> **Task description**
Restate the listing word for word. Stop at the line that holds "Bandera Men's swim trunks", include it, and leave out all pictures.

> **Dataset section**
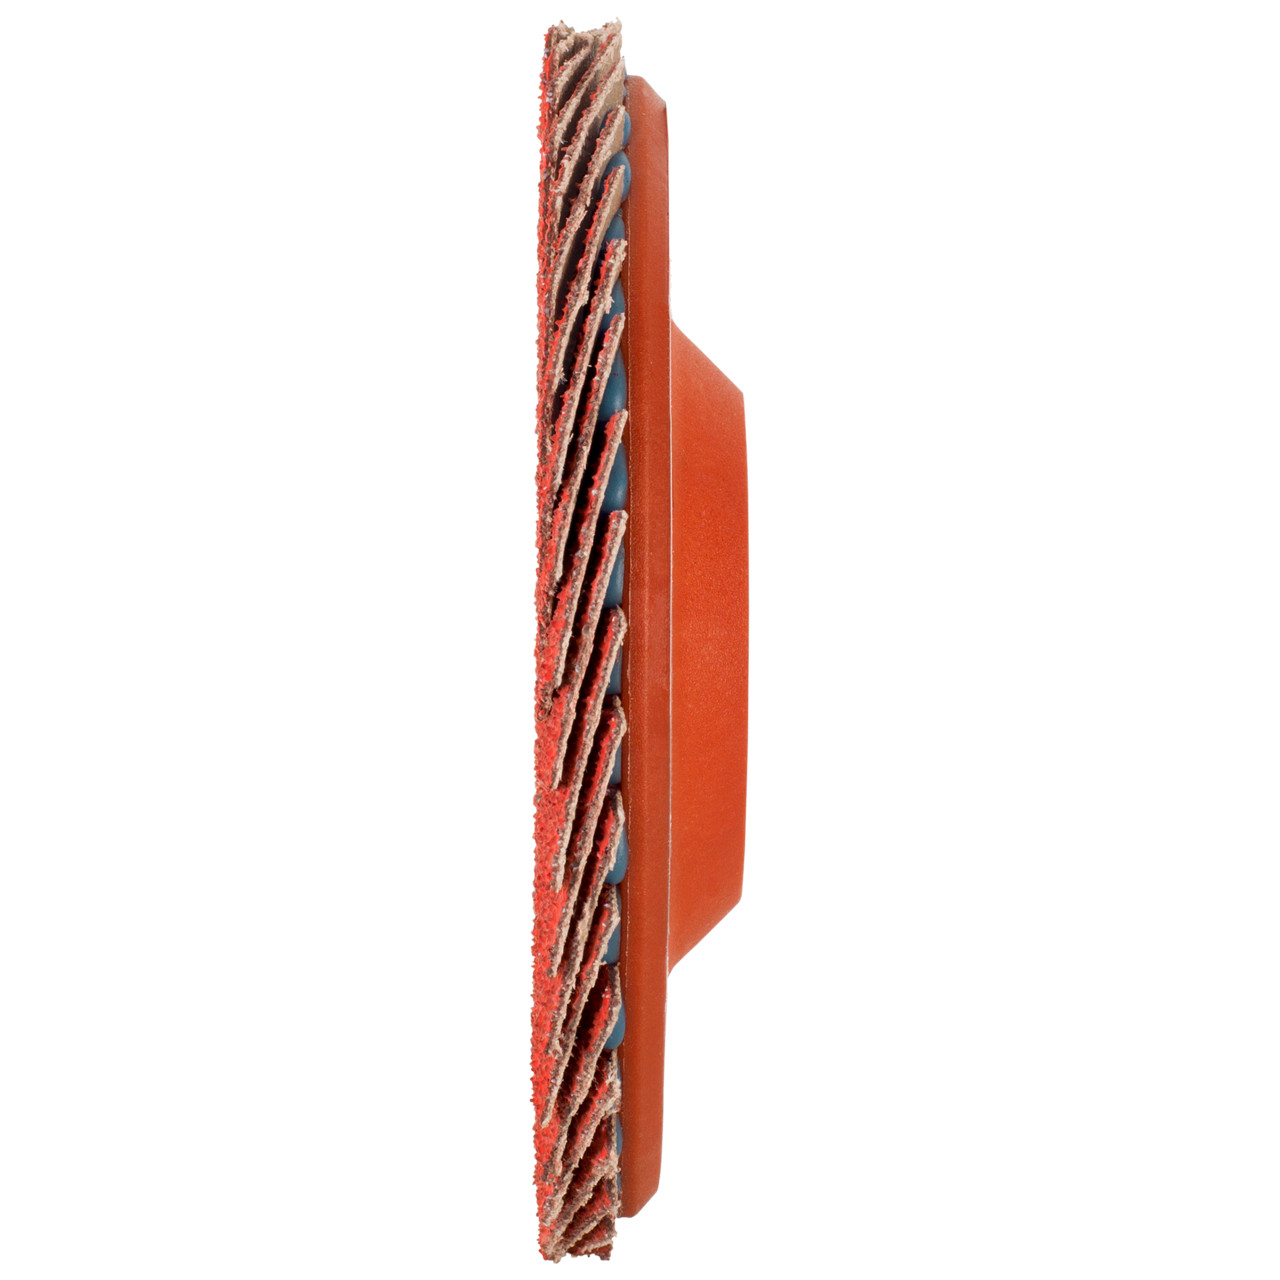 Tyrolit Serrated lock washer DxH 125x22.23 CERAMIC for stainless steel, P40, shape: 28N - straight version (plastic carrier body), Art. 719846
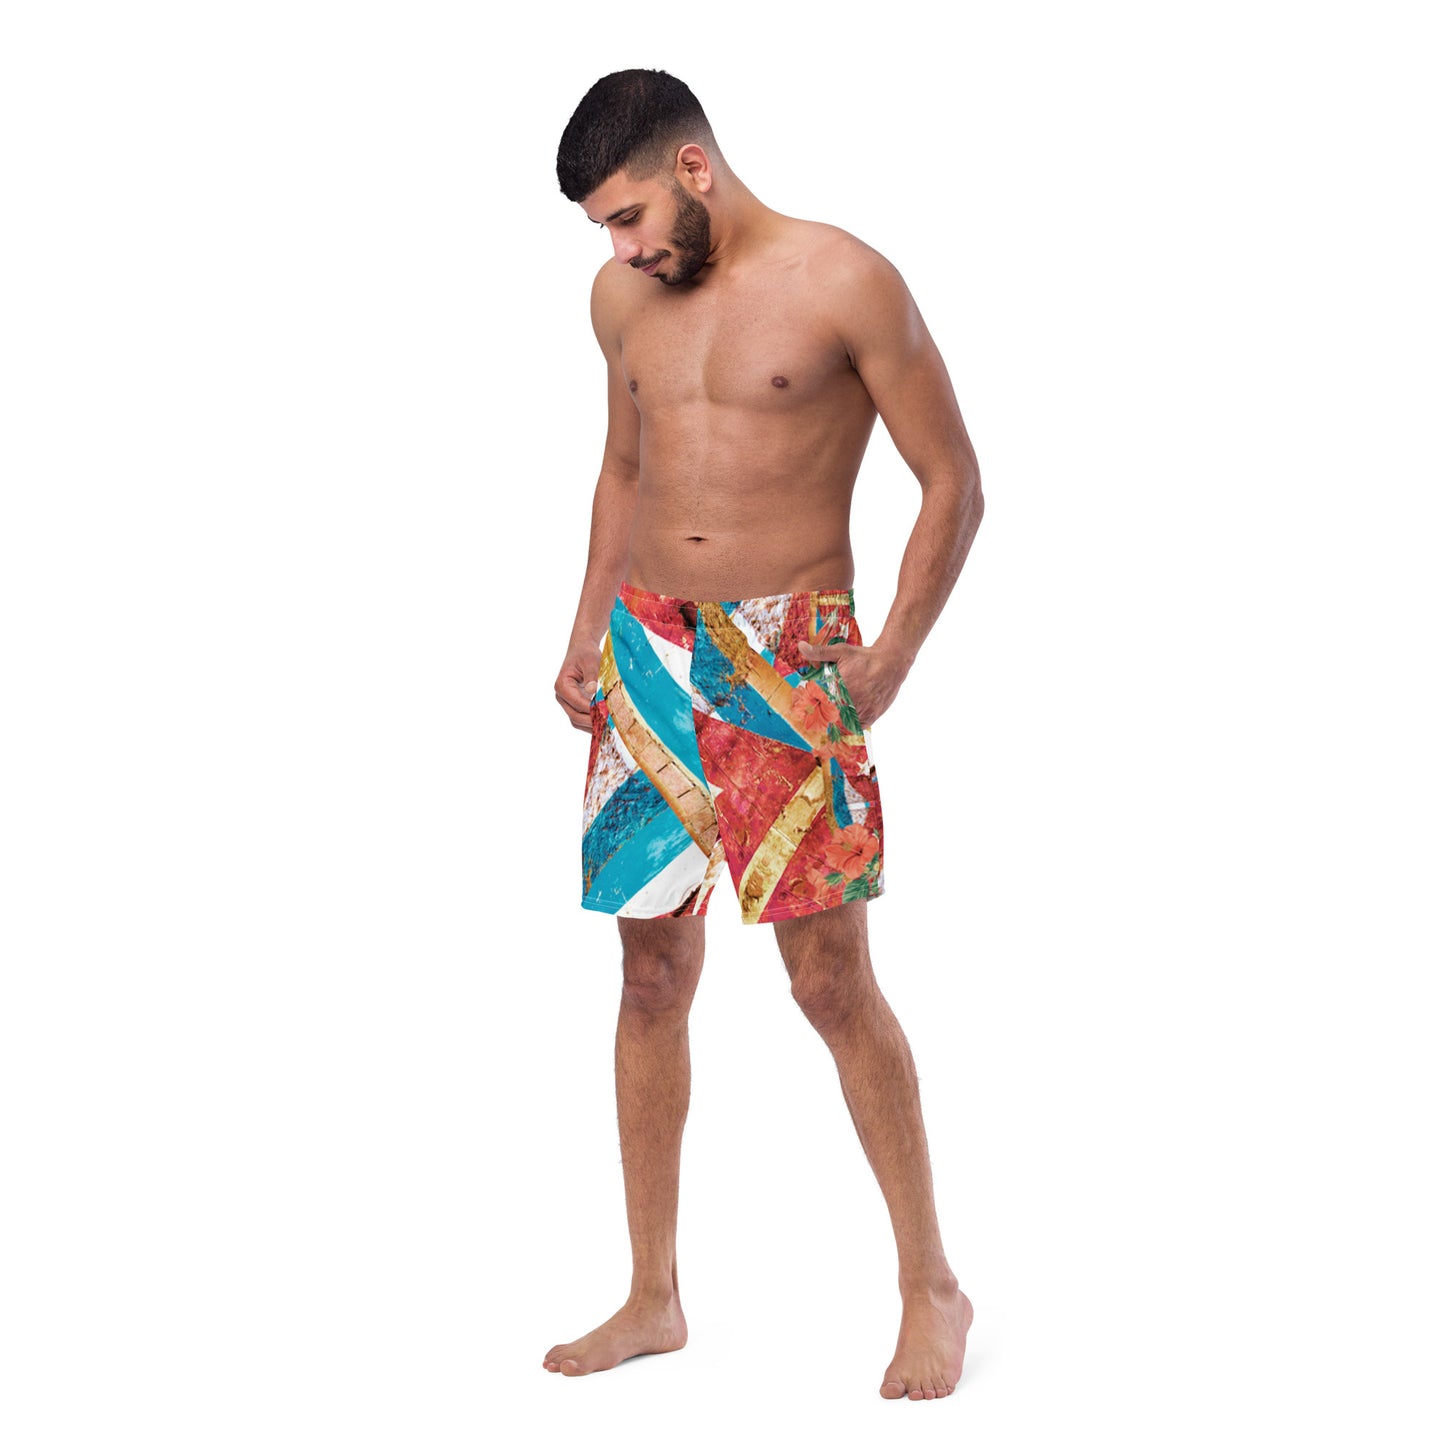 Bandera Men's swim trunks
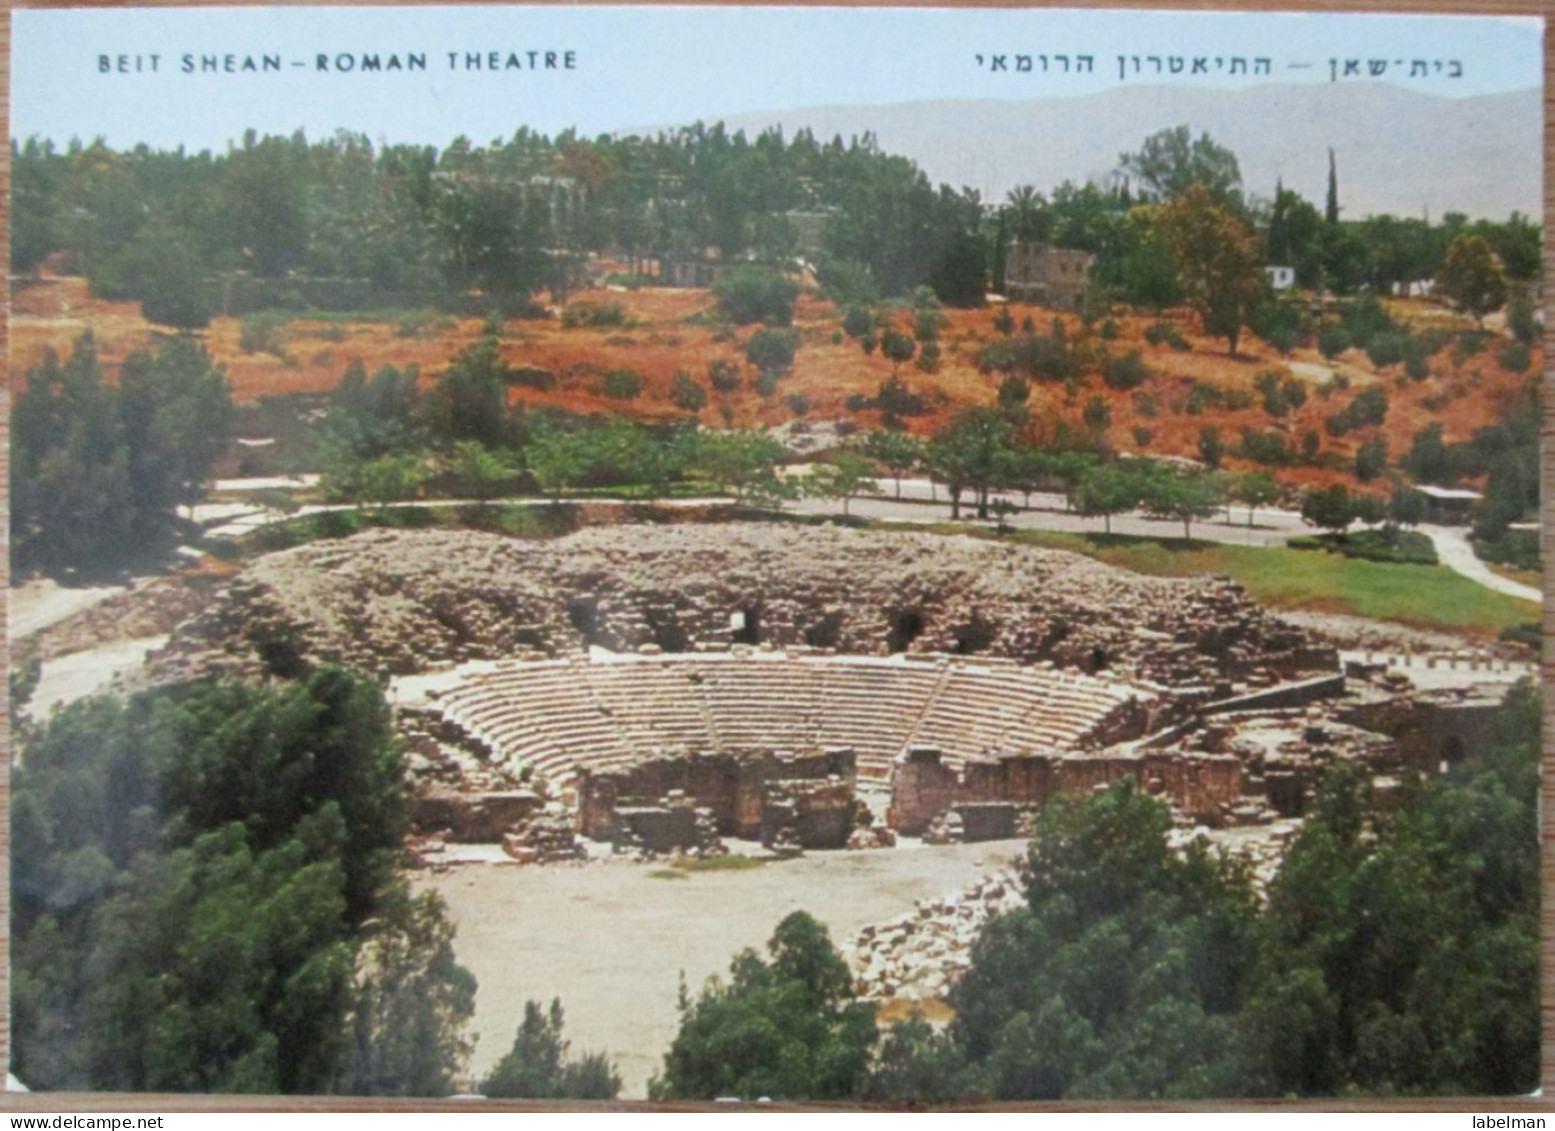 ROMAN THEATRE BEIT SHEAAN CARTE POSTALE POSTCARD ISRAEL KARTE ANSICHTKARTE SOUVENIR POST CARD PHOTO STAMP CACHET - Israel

> **Written response**
 Tyrolit Serrated lock washer DxH 125x22.23 CERAMIC for stainless steel, P40, shape: 28N - straight version (plastic carrier body), Art. 719846
 Bandera Men's swim trunks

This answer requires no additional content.